Data on Antibodies to Infliximab
Researchers recently shed light on the presence of antibodies to infliximab in psoriatic patients (The Journal of Dermatology, June 14 online). Fifteen patients with psoriasis were treated with infliximab (5mg/kg) every eight weeks after an initial three-dose induction regimen. Researchers used an enzyme linked immunosorbent assay kit for analyzing the presence of ATI in the sera, and found that five patients developed ATI. They suggested that monitoring for the induction of ATI and rescue strategies should be developed to avoid or to maintain a delay in ATI development.

More Evidence Suggests Tanning Addiction
Studies in recent years have indicated that those who tan indoors often exhibit traits of addiction. The newest publication to support this notion, published in Clinical and Experimental Dermatology (online June 7), found that a staggering 41 percent of individuals who were surveyed and tan regularly met criteria consistent with “tanning addictive disorder,” with an additional 33 percent meeting criteria for problematic tanning behavior.

Clarification
The June 2010 cover feature, “Mohs Micrographic Surgery: An Update for the Clinician” (vol. 7, no. 6), neglected to mention the American Society for Mohs Surgery (ASMS, www.mohssurgery.org), a professional society of board certified dermatologists who perform Mohs surgery. Most ASMS Fellows receive training in Mohs surgery during a three year Dermatology residency. ASMS Fellows may or may not have completed an extra year of fellowship training in Mohs surgery. The Society currently has 925 physician members.
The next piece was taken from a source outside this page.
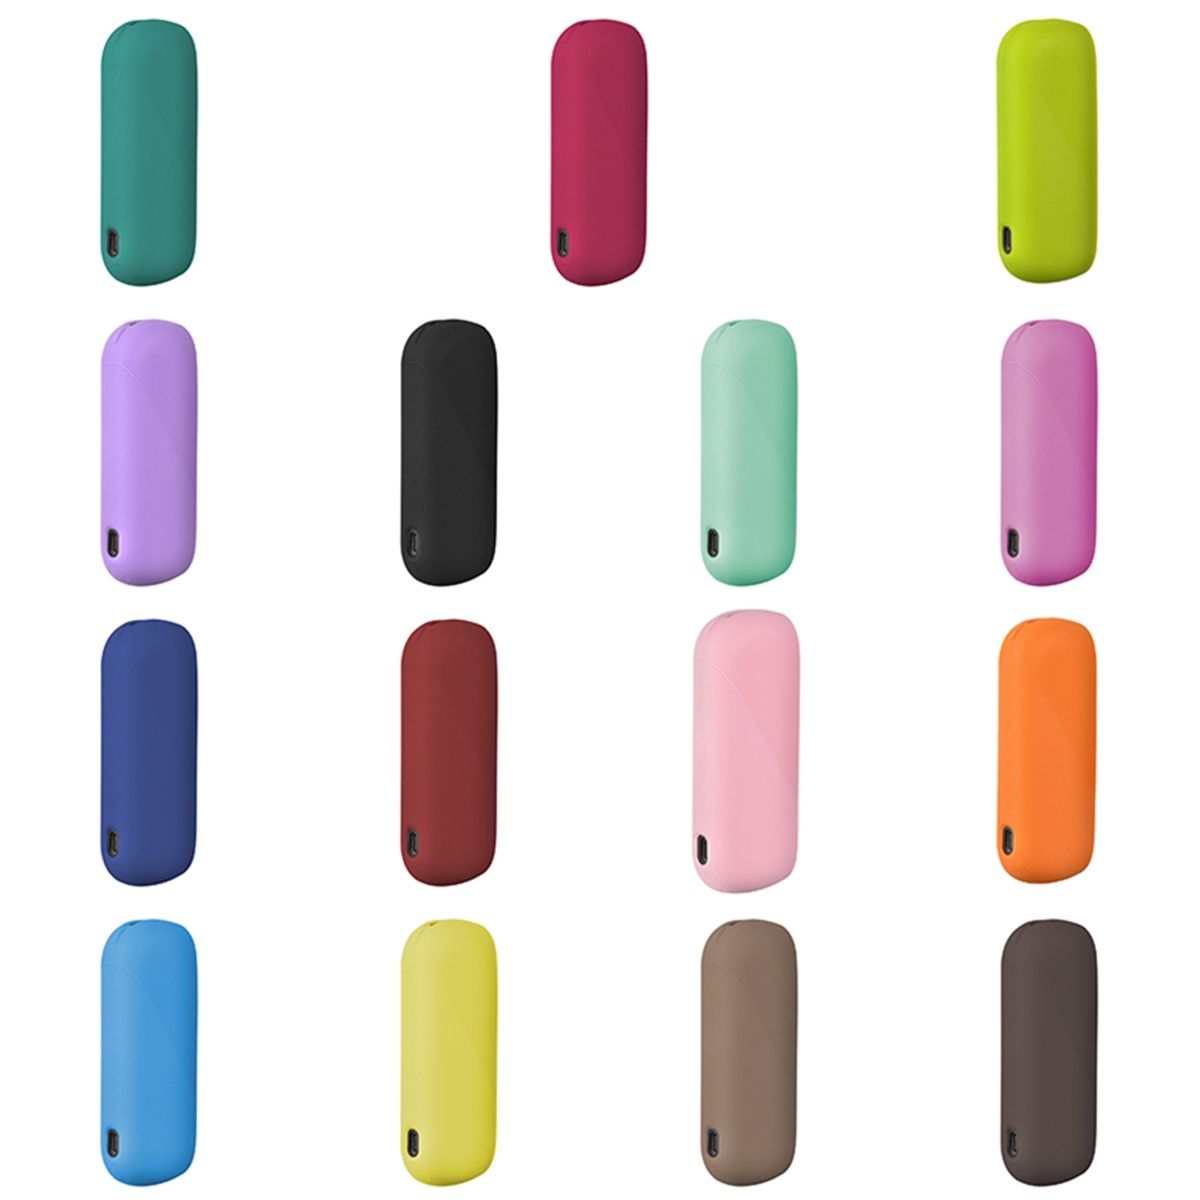 14 Farben neues Design hochwertige Silikon hülle für iqos 3 Duo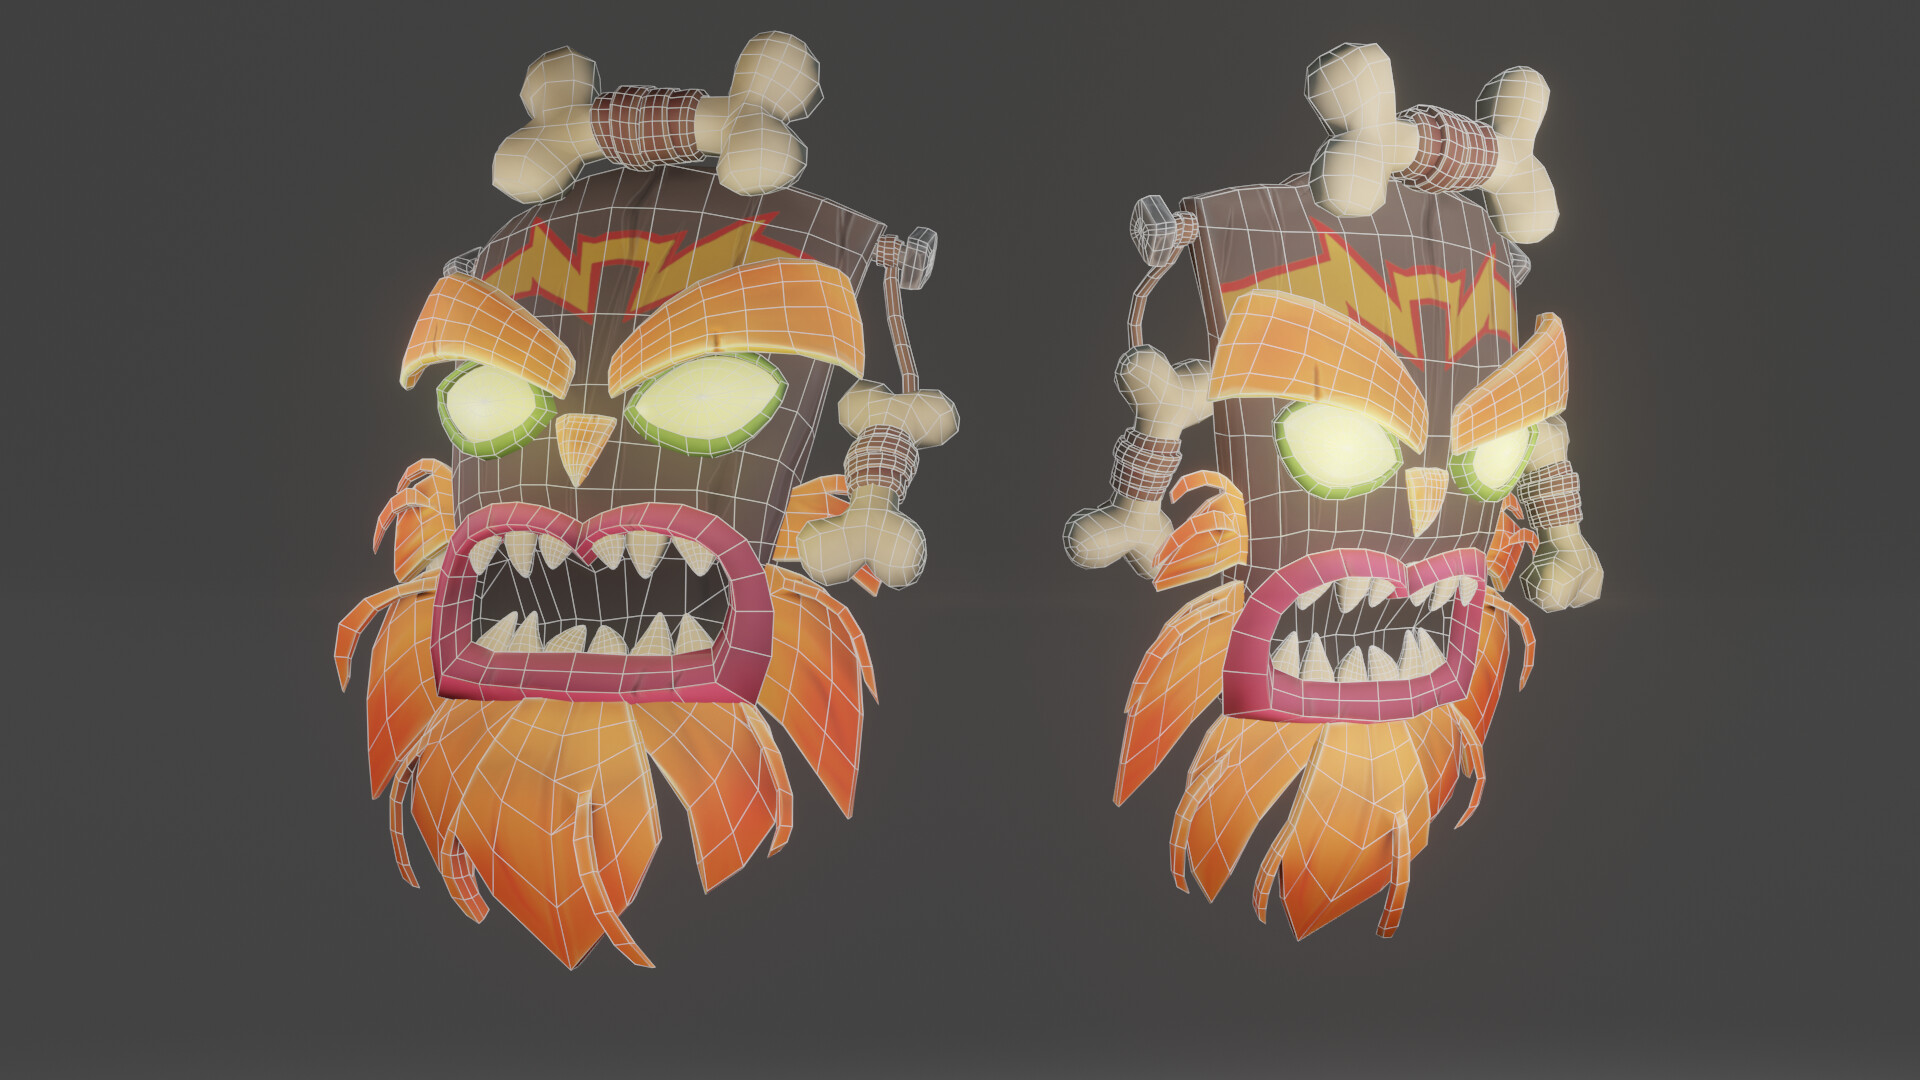 nåde skræmt besøg Uka Uka Mask (Crash Bandicoot) - 3D model by P3D (@p3d_avilla) [09efaf3]

The Society's stated mission is to improve physician performance and patient health through regular medical education courses with an emphasis on skin cancer, dermatologic surgery, and Mohs surgery. ASMS also provides political and professional advocacy for Mohs surgeons from a variety of Mohs training backgrounds, supports its members in the area of third-party reimbursement, professional credentialing, and other practice issues, and offers a range of ancillary products and services to assist members in establishing and maintaining their Mohs practices.